Under the Sixth Amendment, a criminal defendant is entitled to the same effective
assistance of counsel on appeal as at trial. Evitts, 469 U.S. 387; Penson v. Ohio, 488 U.S. 75
(1988); Mahdi v. Bagley, 522 F.3d 631, 636 (6th Cir. 2008). The Strickland test applies to
appellate counsel. Smith, 528 U.S. at 285; Burger, 483 U.S. 776. When evaluating a claim of
ineffective assistance of appellate counsel, the court must assess the strength of the claim that
counsel failed to raise. Henness, 644 F.3d 308. Counsel’s failure to raise an issue on appeal
amounts to ineffective assistance only if a reasonable probability exists that inclusion of the issue
would have changed the result of the appeal. Id. Effective appellate advocacy is rarely
characterized by presenting every non-frivolous argument which can be made. Joshua v. DeWitt,
341 F.3d 430, 441 (6th Cir. 2003); Williams, 380 F.3d at 971; see Smith, 477 U.S. 527. “Only
when ignored issues are clearly stronger than those presented will the presumption of effective
assistance of [appellate] counsel be overcome.” Dufresne, 876 F.3d at 257 (quoting
Fautenberry, 515 F.3d at 642).
McKnight objects to the Magistrate Judge’s conclusion that Stone v. Powell, 428 U.S.

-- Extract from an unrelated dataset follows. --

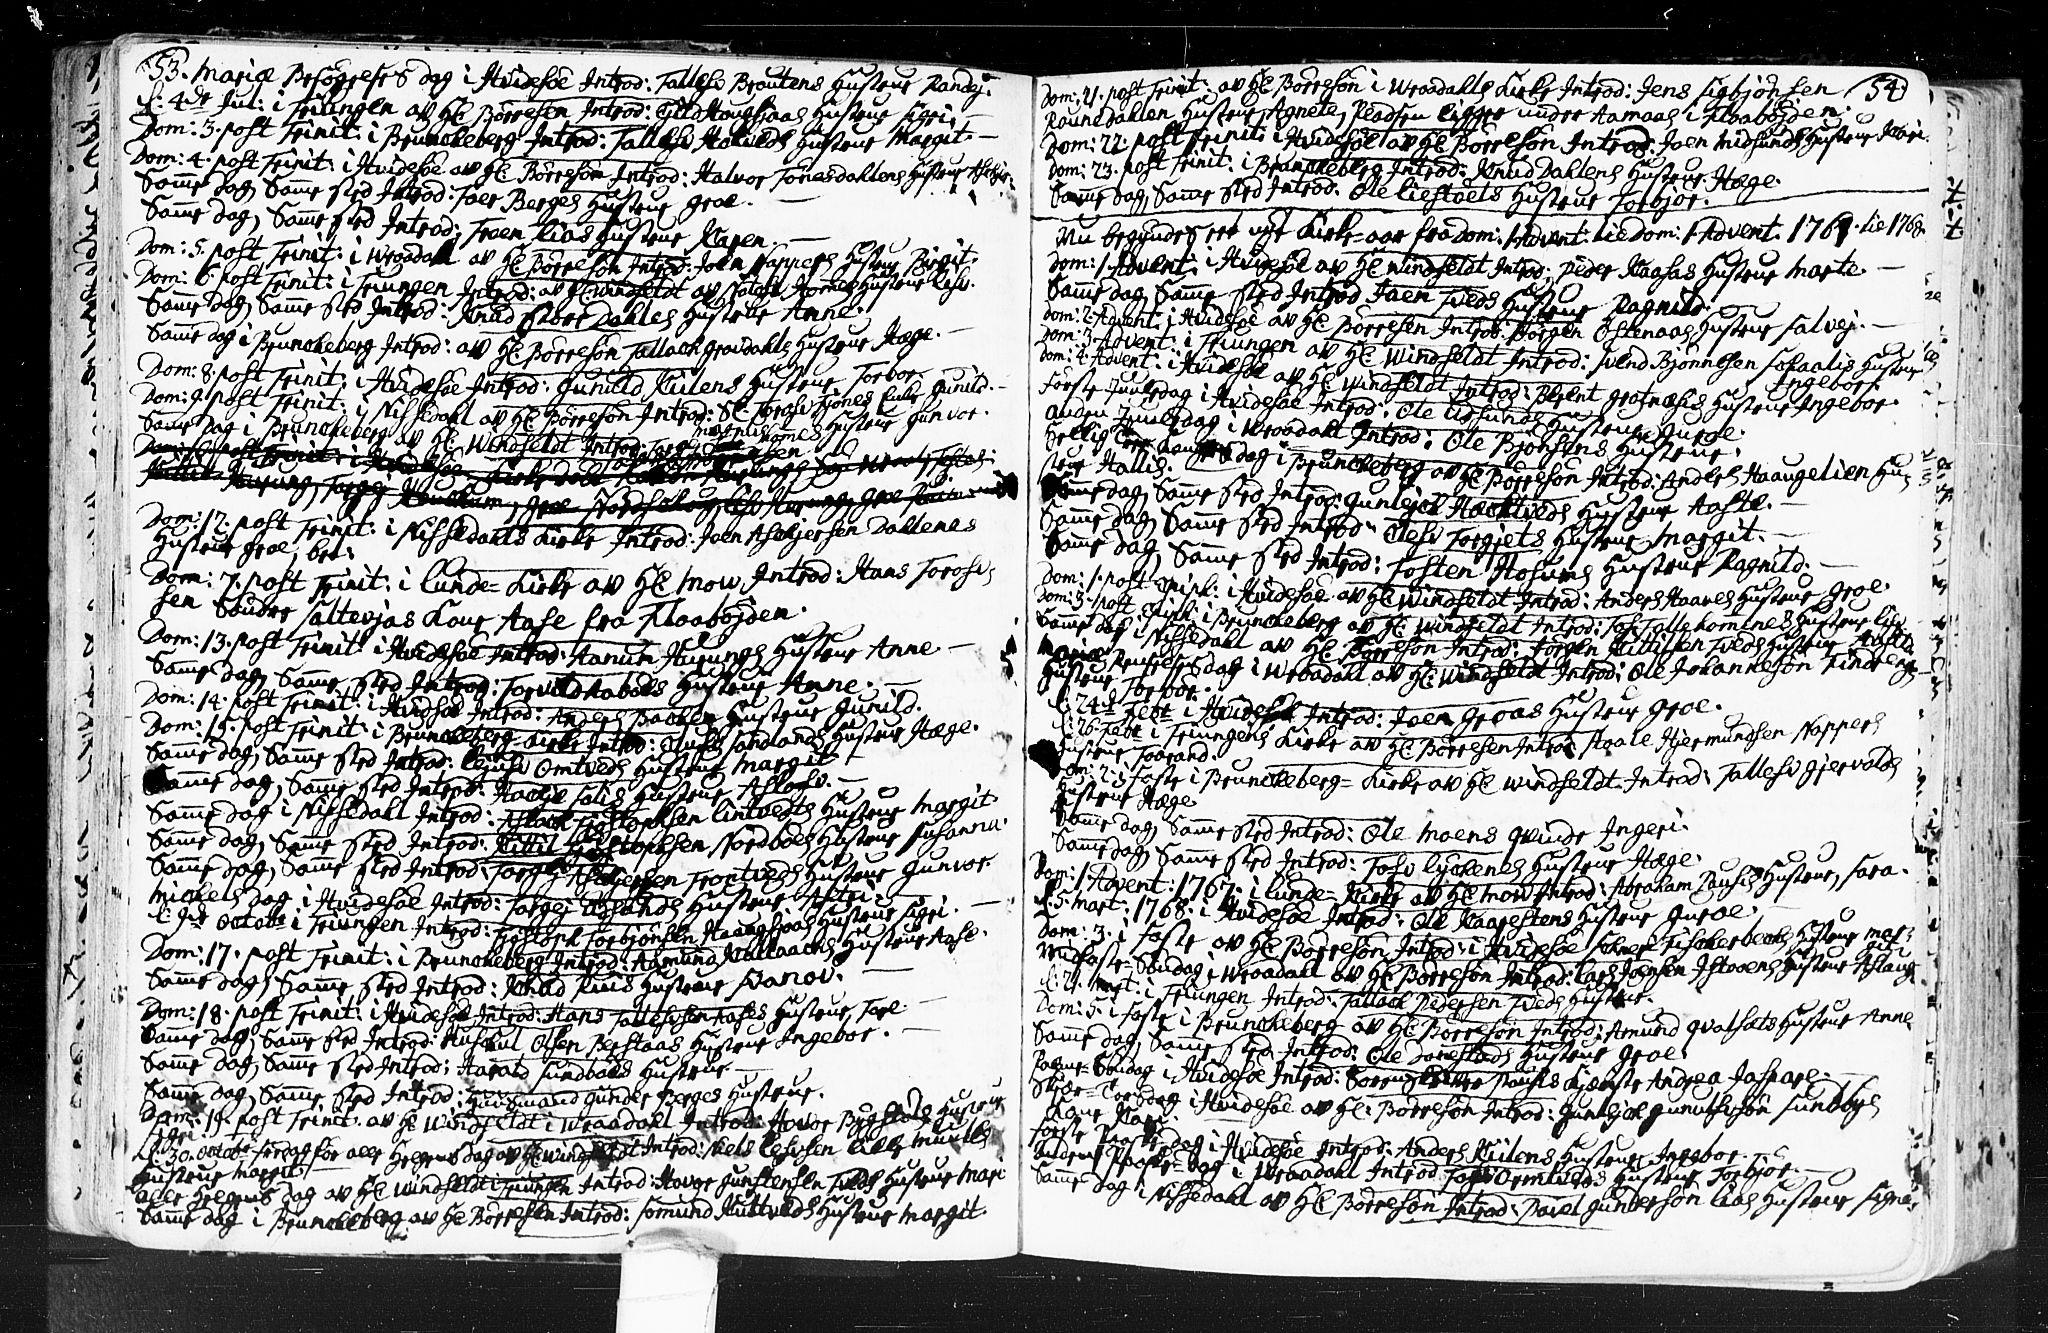 SAKO, Kviteseid kirkebøker, F/Fa/L0001: Ministerialbok nr. I 1, 1754-1773, s. 53-54

465 (1976), precludes the underlying claim for ineffective assistance of trial counsel based on
counsel’s failure to press the Fourth Amendment claim, arguing that “Stone’s restrictions on
97
federal habeas review of Fourth Amendment claims do not apply to Sixth Amendment claims of
ineffective assistance of counsel, even where counsel was allegedly ineffective for failing to
bring a Fourth Amendment claim.” (Objections, Doc. 343, PageID 18444 (quoting Richardson
v. Palmer, 941 F.3d 838, 855 (6th Cir. 2019) (citing Kimmelman v. Morrison, 477 U.S. 365,
382–383 (1986) (internal quotation marks omitted))). The Court agrees and holds that the
underlying ineffective assistance of trial counsel claim was not precluded by Stone.
In any event, the Magistrate Judge also found the Fourth Amendment challenges to the
search warrant meritless. (Report, Doc. 332, PageID 18184). Likewise, the Magistrate Judge
incorporated by reference the reasoning from Claim Twenty-Six to find meritless the ineffective
assistance of trial counsel claim for failure to seek change of venue based on racial bias. (Id.).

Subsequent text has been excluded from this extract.